Designing RESTful API with Python-Flask and posgres using survey response dataset
This example project demonstrate reading data stored in S3, storing it in local DB for analysis, return the analysis via RESTful API with Python-Flask,
- Creating DB tables needed for the project
- Reading survey response loaded in CSV format from AWS S3 and incrementally ingesting to local database postgresDB (skipping the data injestion, if the file is already in DB)
- Analysing the data in postgres to find, average score, benchmark and the score distribution
- Creating an API that provides access to the data analysis results, (average score, benchmark and the score distribution)
- Dockering the application
configuration.env --> For storing environment variables needed for the project (configuration.bat if the application is run via conda environment)

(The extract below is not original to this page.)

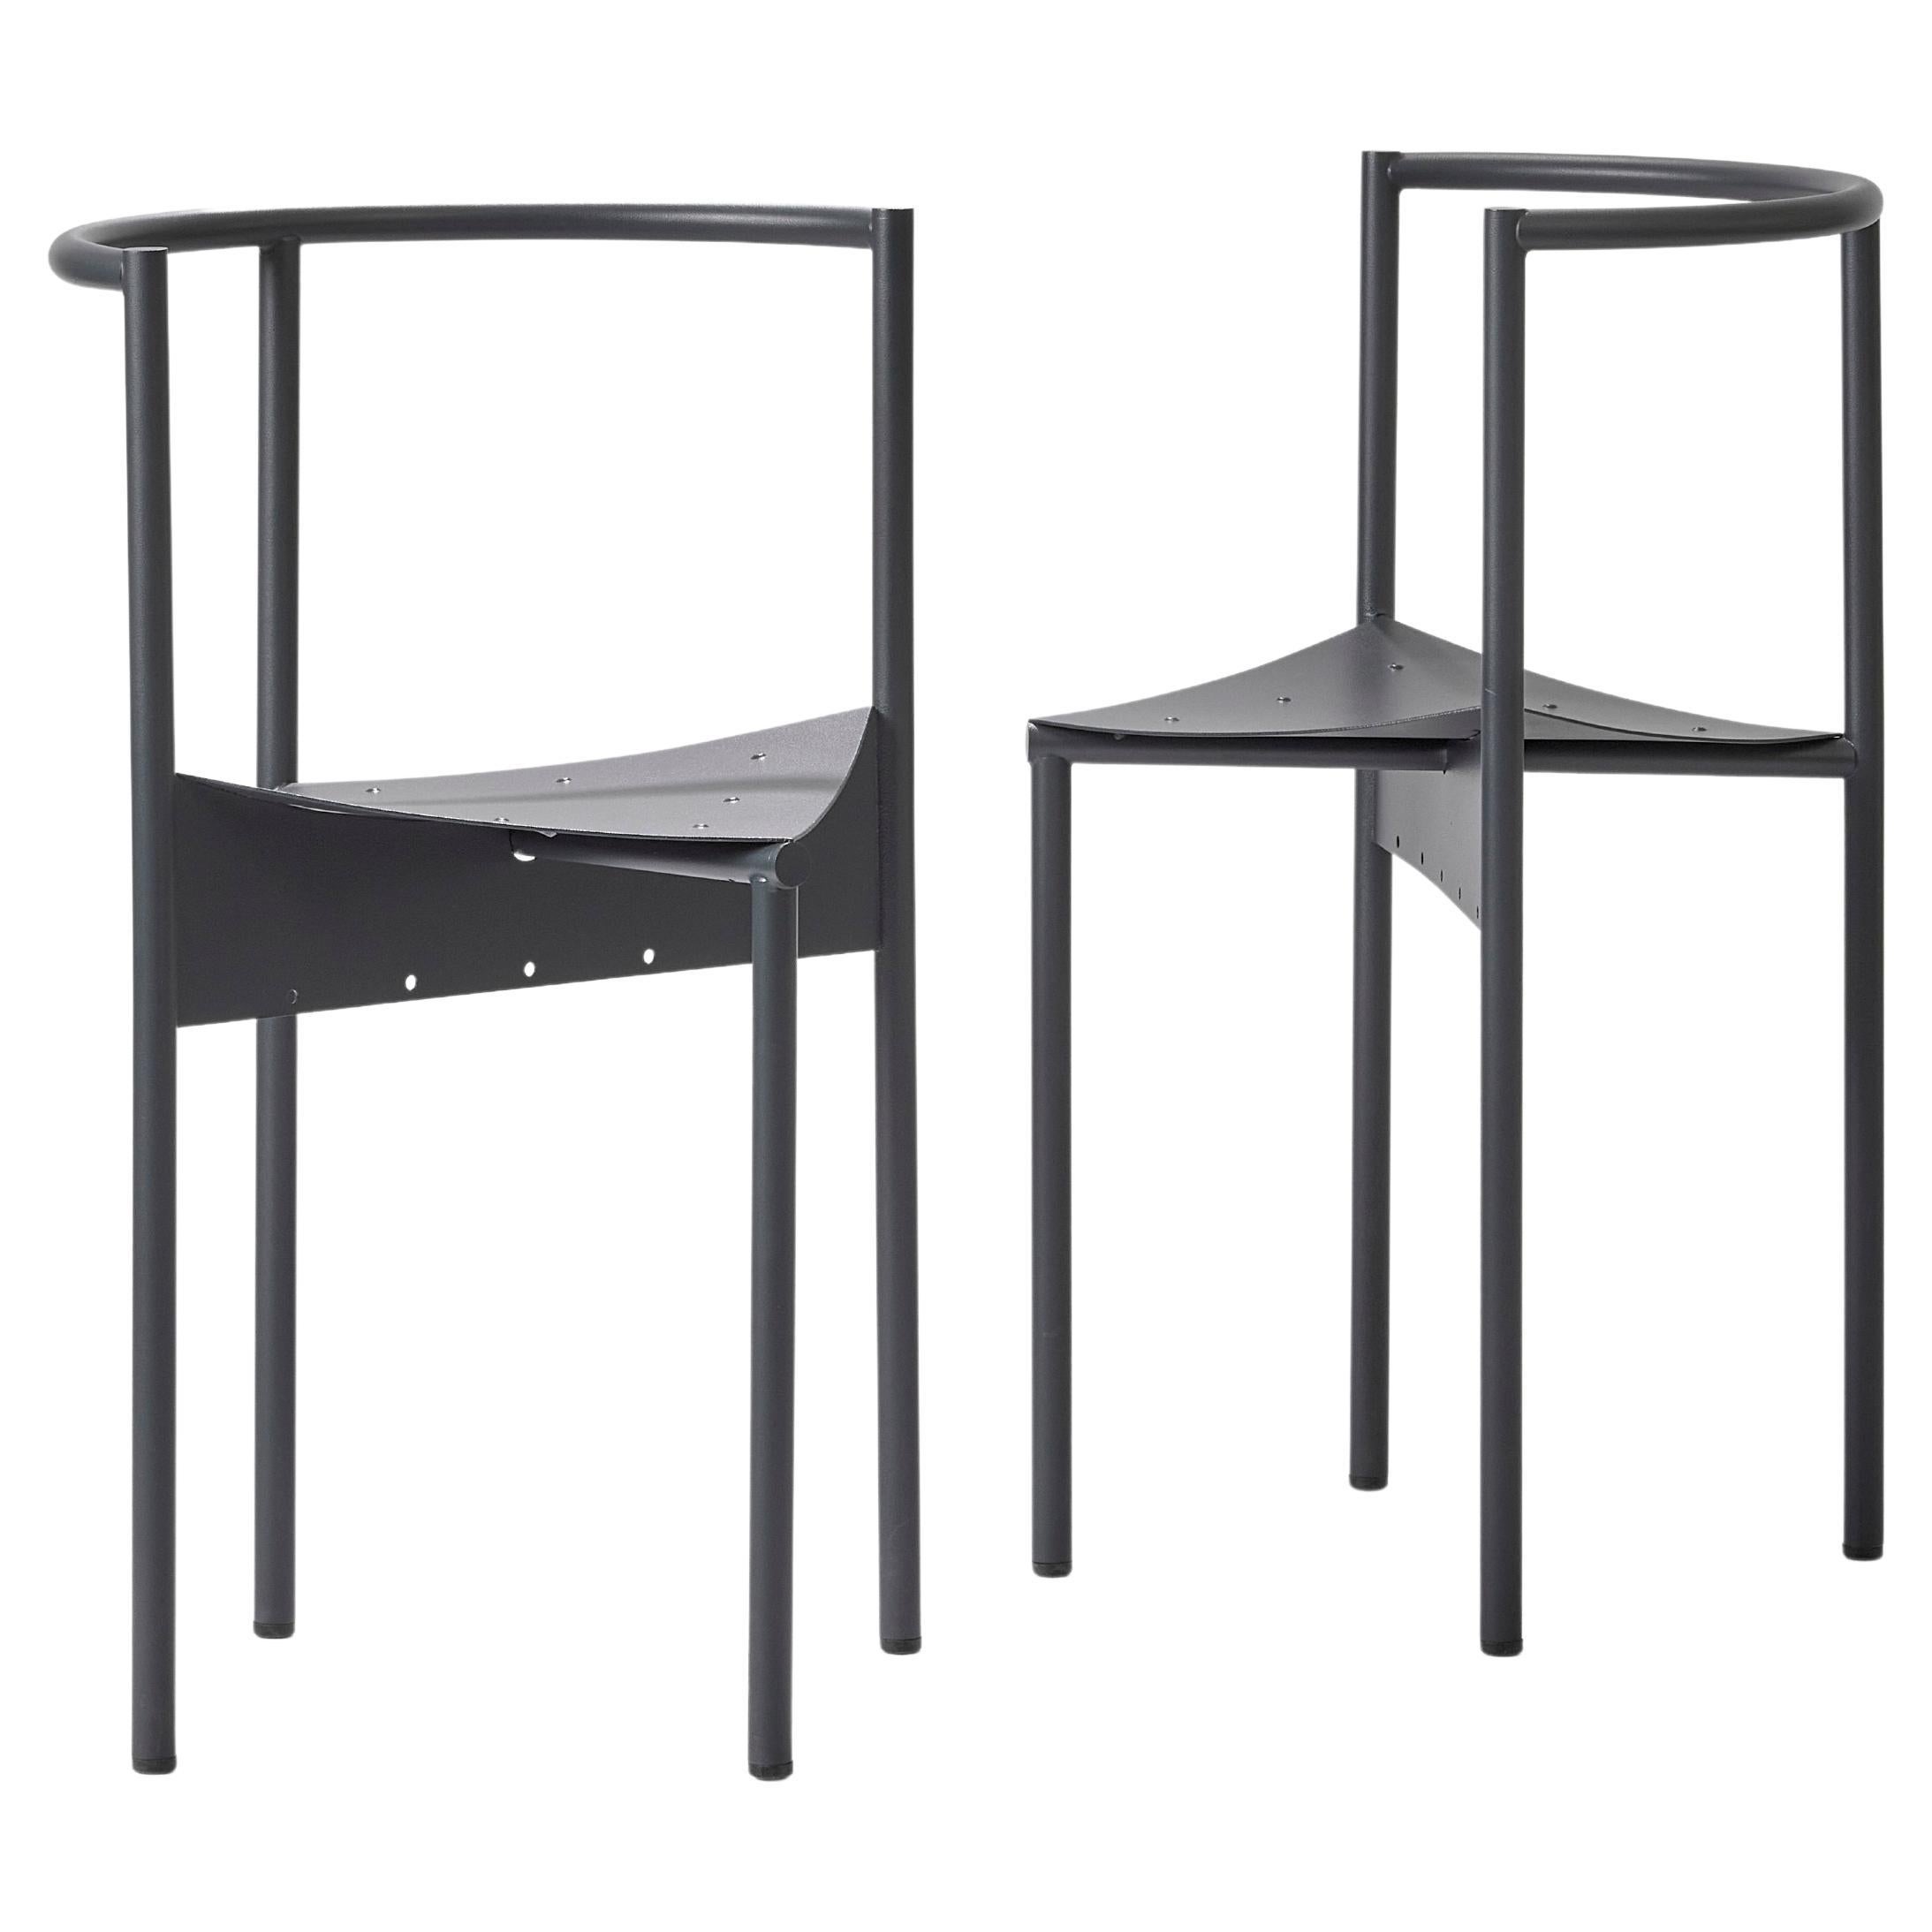 Philippe Starck 'Born in 1949' Wendy Wright, 1986 For Sale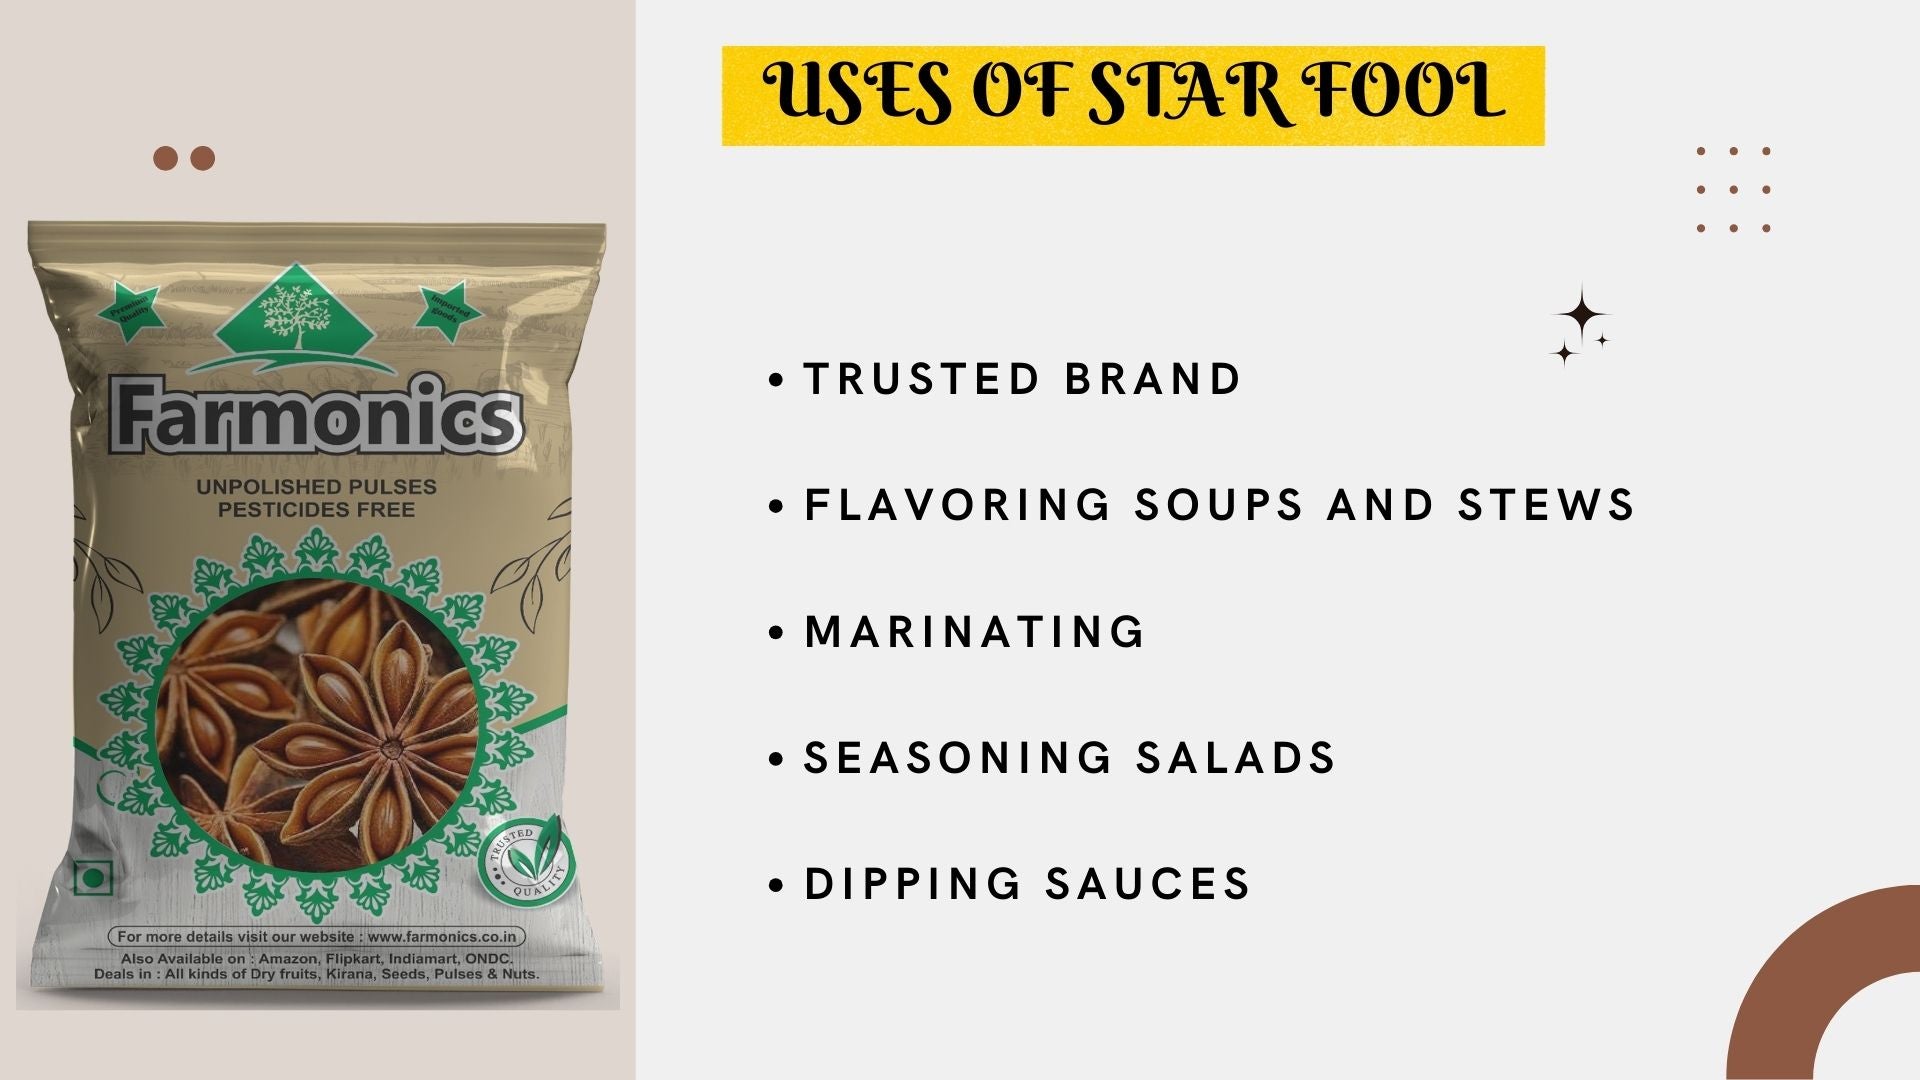 heer are list of uses of Star fool

- config.py --> Centralized configuration to inialize DB connection, logging which will be imported by other python classes
- CreateTables.py --> Creating the DB tables need for the project
- ReadS3AndPopulateDB.py --> ingest the csv files from S3 and store relevant data in the Postgres database
- SurveyAnalysis.py --> computiing the average score and the score distribution, benchmark and Creation of Flask API for the same
You can download this project by cloning the repository:
git clone https://github.com/padmapria/Survey_Data_Analysis_Python.git
NOTE: While working with Python, its recommended to use virtual environment to keep all the project's dependencies isolated from other projects.
-
Clone this git repository in a folder, for example to the folder, C:/Survey_Data_Analysis_Python
-
Edit the startup.bat located in the scripts folder of this git project. Modify the venv_root_dir
set venv_root_dir="D:\Survey_Data_Analysis_Python\scripts"
to
set venv_root_dir="C:\Survey_Data_Analysis_Python\scripts"save the changes
-
Edit the start_app.bat located in the scripts folder of this git project. Modify the path pointing to the python file.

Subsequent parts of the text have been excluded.